*Task goal*.
Restate word for word the part of the material that runs from the line containing "事実腐敗した行くottostyle.jp 蝋製 LEDキャンドルライト" through its final line, inclusive, minus the pictures.

*Dataset excerpt*.
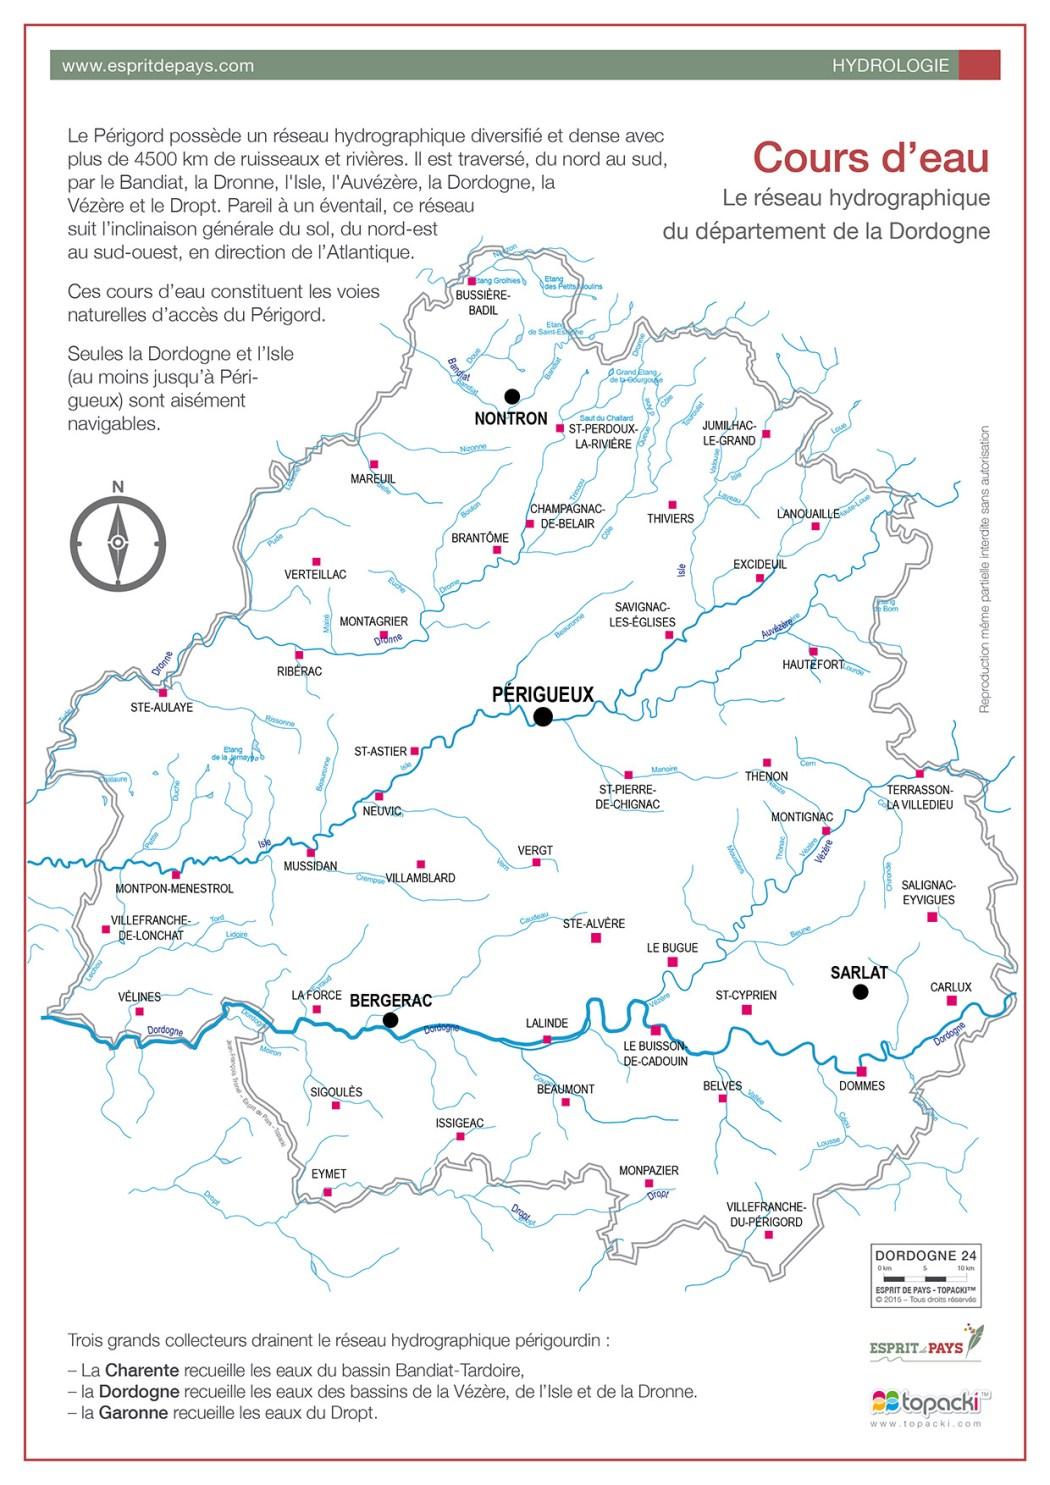 L'Hydrologie du département de la Dordogne-Périgord
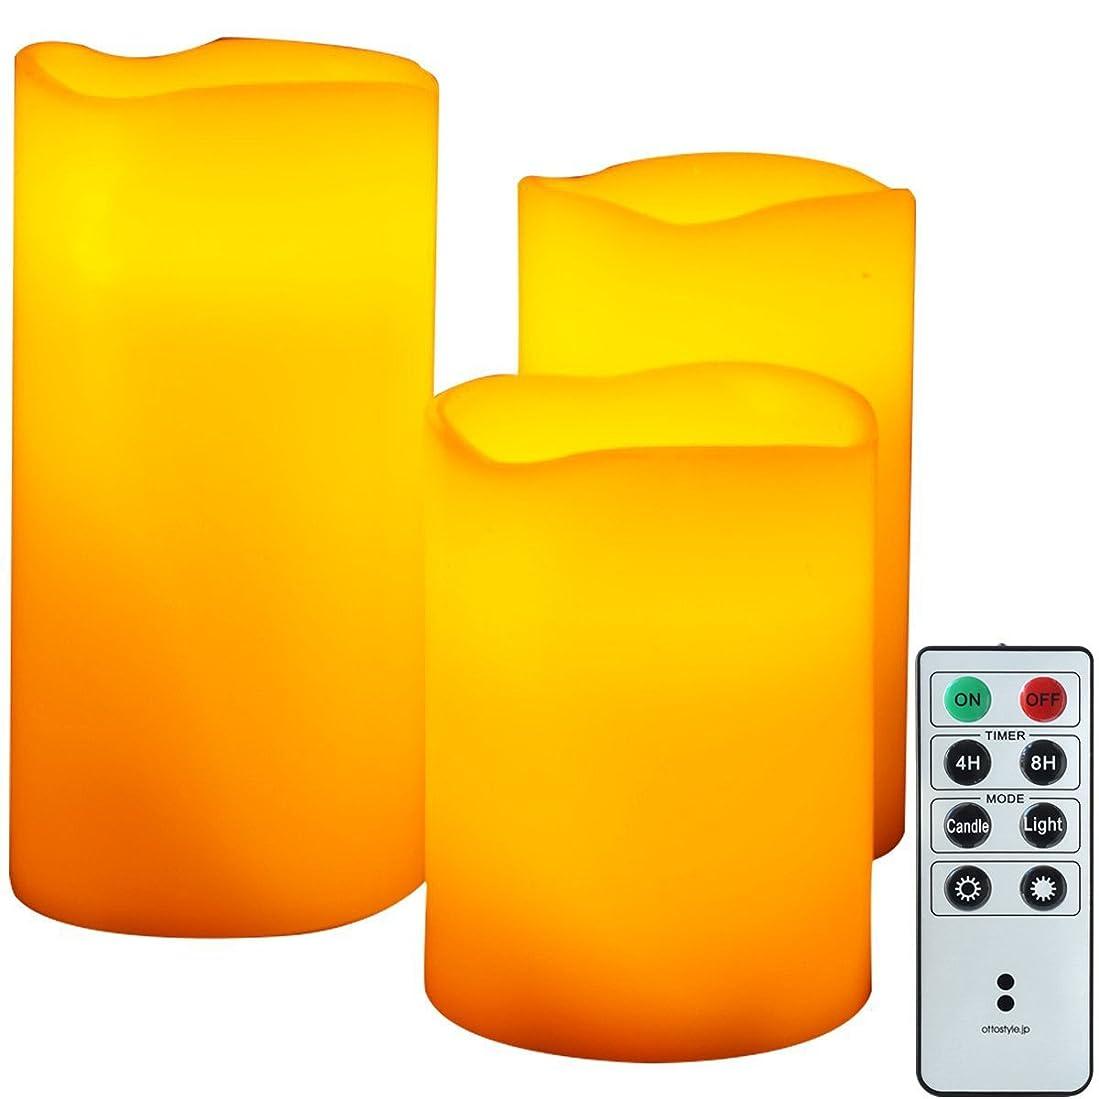 事実腐敗した行くottostyle.jp 蝋製 LEDキャンドルライト 3個セット リモコン付き リアルなろうそくの質感 ゆらゆら揺れる明かり 消灯タイマー付き (L?M?Sサイズ(各1個)リモコン付)
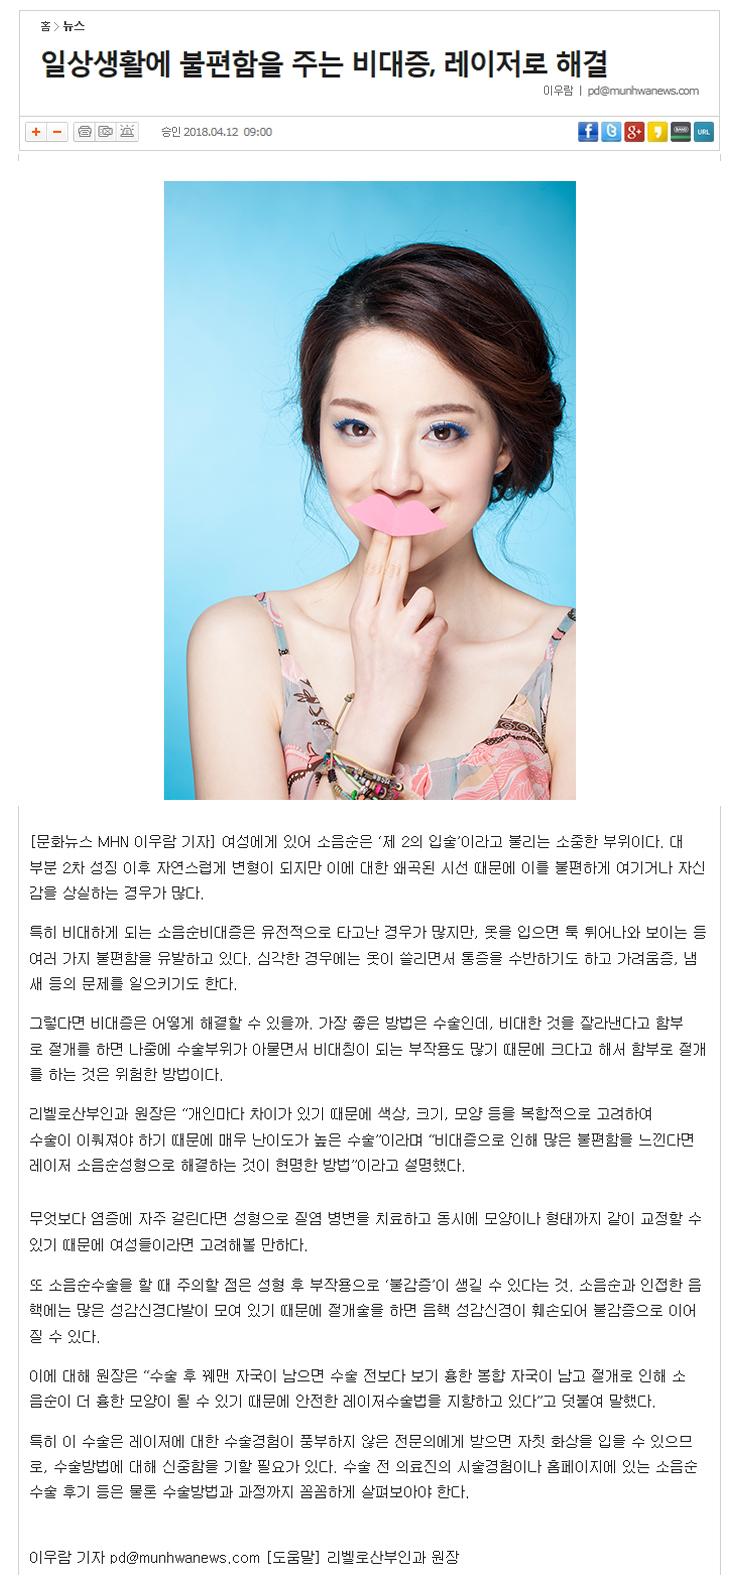 문화뉴스-20180413.jpg
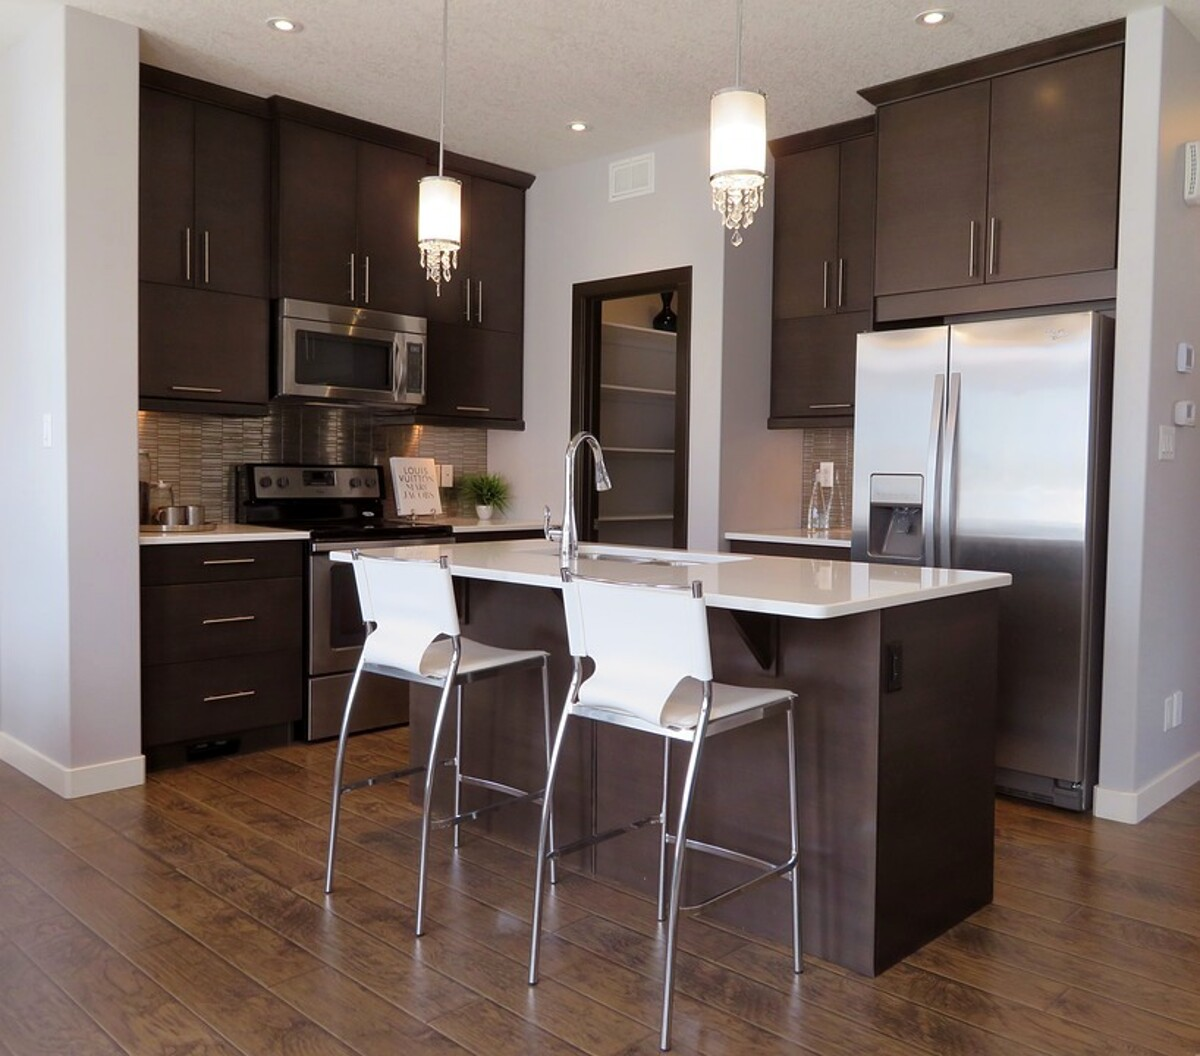 Arredamento: come scegliere il frigorifero giusto per la tua cucina

*Output of the exercise*.
 事実腐敗した行くottostyle.jp 蝋製 LEDキャンドルライト 3個セット リモコン付き リアルなろうそくの質感 ゆらゆら揺れる明かり 消灯タイマー付き (L?M?Sサイズ(各1個)リモコン付)
 문화뉴스-20180413.jpg
 Arredamento: come scegliere il frigorifero giusto per la tua cucina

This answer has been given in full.